Volume: 1282012; 439 pp
MSC: Primary 15; 68; 14; 94; 20; 62;

Tensors are ubiquitous in the sciences. The geometry of tensors is both a powerful tool for extracting information from data sets, and a beautiful subject in its own right. This book has three intended uses: a classroom textbook, a reference work for researchers in the sciences, and an account of classical and modern results in (aspects of) the theory that will be of interest to researchers in geometry. For classroom use, there is a modern introduction to multilinear algebra and to the geometry and representation theory needed to study tensors, including a large number of exercises. For researchers in the sciences, there is information on tensors in table format for easy reference and a summary of the state of the art in elementary language.

This is the first book containing many classical results regarding tensors. Particular applications treated in the book include the complexity of matrix multiplication, P versus NP, signal processing, phylogenetics, and algebraic statistics. For geometers, there is material on secant varieties, G-varieties, spaces with finitely many orbits and how these objects arise in applications, discussions of numerous open questions in geometry arising in applications, and expositions of advanced topics such as the proof of the Alexander-Hirschowitz theorem and of the Weyman-Kempf method for computing syzygies.

Graduate students and research mathematicians interested in tensors; researchers in the sciences and geometry.

• Part 1. Motivation from applications, multilinear algebra and elementary results
• Chapter 1. Introduction
• Chapter 2. Multilinear algebra
• Chapter 3. Elementary results on rank and border rank
• Part 2. Geometry and representation theory
• Chapter 4. Algebraic geometry for spaces of tensors
• Chapter 5. Secant varieties
• Chapter 6. Exploiting symmetry: Representation theory for spaces of tensors
• Chapter 7. Tests for border rank: Equations for secant varieties
• Chapter 8. Additional varieties useful for spaces of tensors
• Chapter 9. Rank
• Chapter 10. Normal forms for small tensors
• Part 3. Applications
• Chapter 11. The complexity of matrix multiplication
• Chapter 12. Tensor decomposition
• Chapter 13. $\mathbf {P}$ v. $\mathbf {NP}$
• Chapter 14. Varieties of tensors in phylogenetics and quantum mechanics
• Chapter 15. Overview of the proof of the Alexander-Hirschowitz theorem
• Chapter 16. Representation theory
• Chapter 17. Weyman’s method
• Hints and answers to selected exercises

• Reviews

• I am no specialist on this subject, so I found Tensors difficult but fascinating. ...The exposition is terse, very much in the style of a graduate textbook.
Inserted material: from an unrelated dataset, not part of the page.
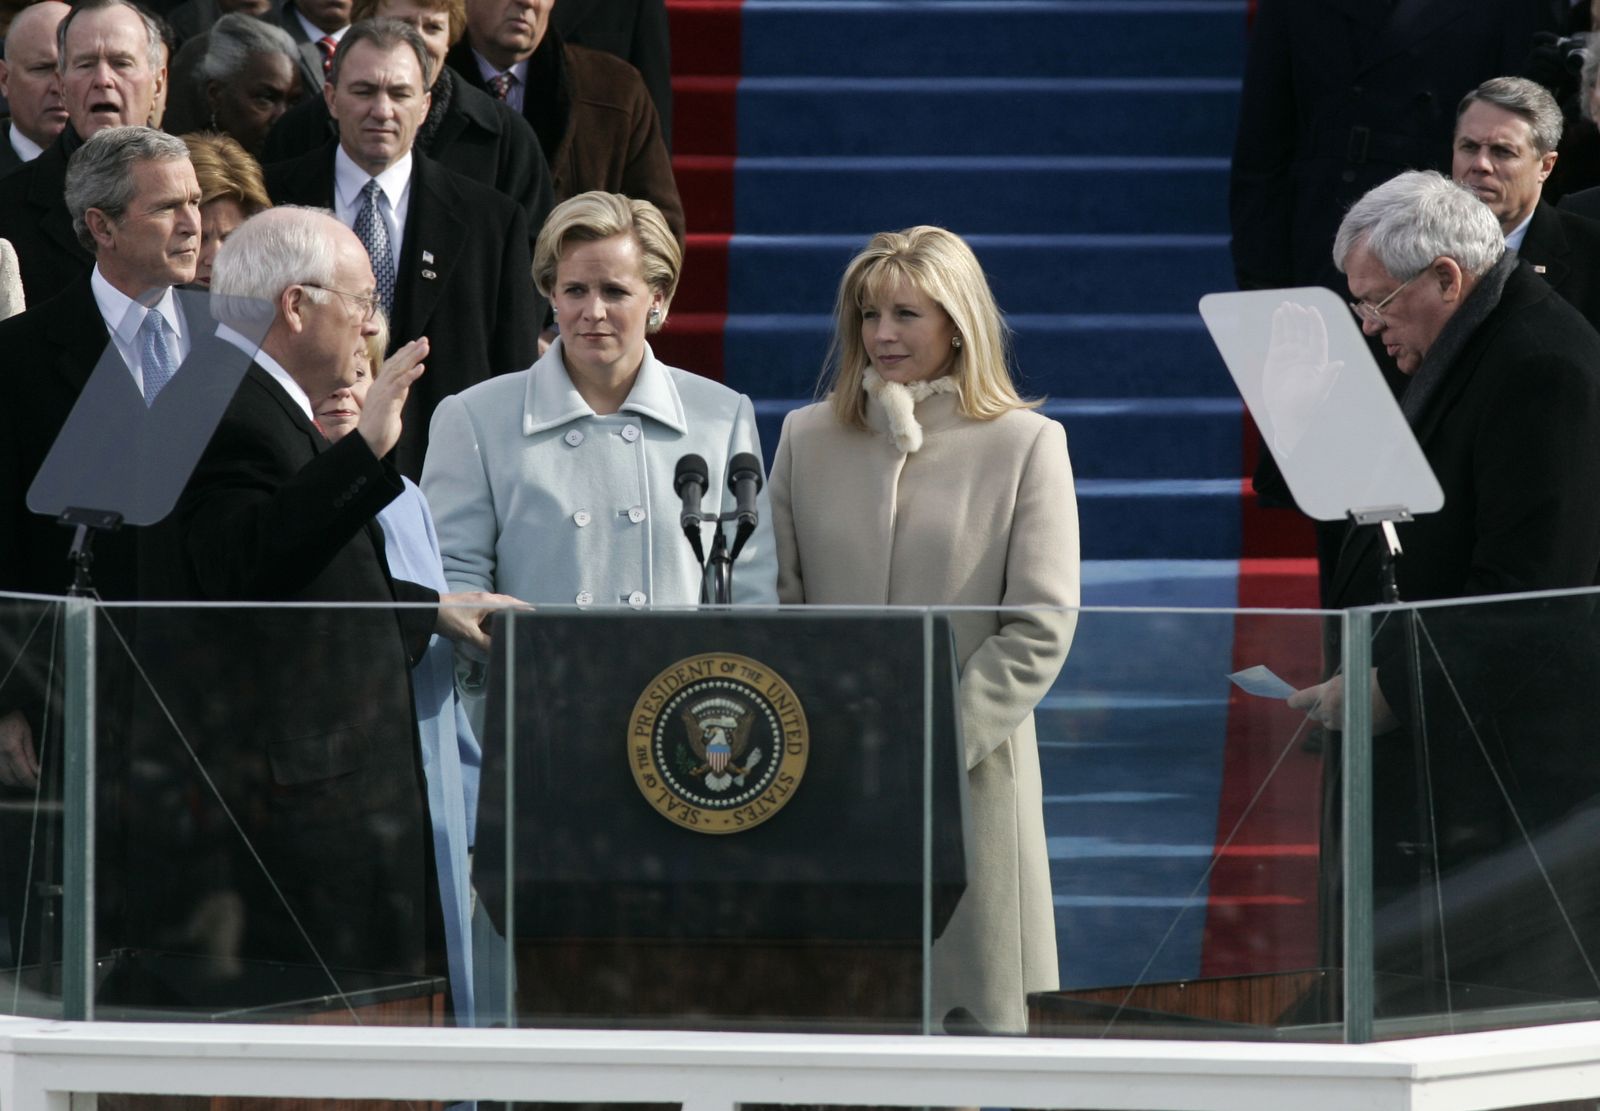 نائب الرئيس الأميركي ديك تشيني يؤدي اليمين الدستورية نائباً للرئيس الأميركي لفترة ثانية وإلى جواره زوجته لين تشيني (وسط) ونجلته ليز تشيني (يمين) - واشنطن دي سي - 20 يناير 2005 - REUTERS

The reader must work through the book and become conversant with the subject. ... Most readers will enjoy the preface and chapter 1, which set out the main problems and the motivation from applied mathematics. ...A reader who knows linear and multilinear algebra and wants to know more about these questions could read Part 1 with profit. Part 2 is where the real work is done, with algebraic geometry and representation theory being the main tools. The text gets significantly denser. There is a lot of mathematics here, enough for a graduate course on this material. Part 3 returns to the applications and puts the theory to use. Part 4 is a kind of supplement that gives proofs that require more advanced techniques and discusses other advanced topics.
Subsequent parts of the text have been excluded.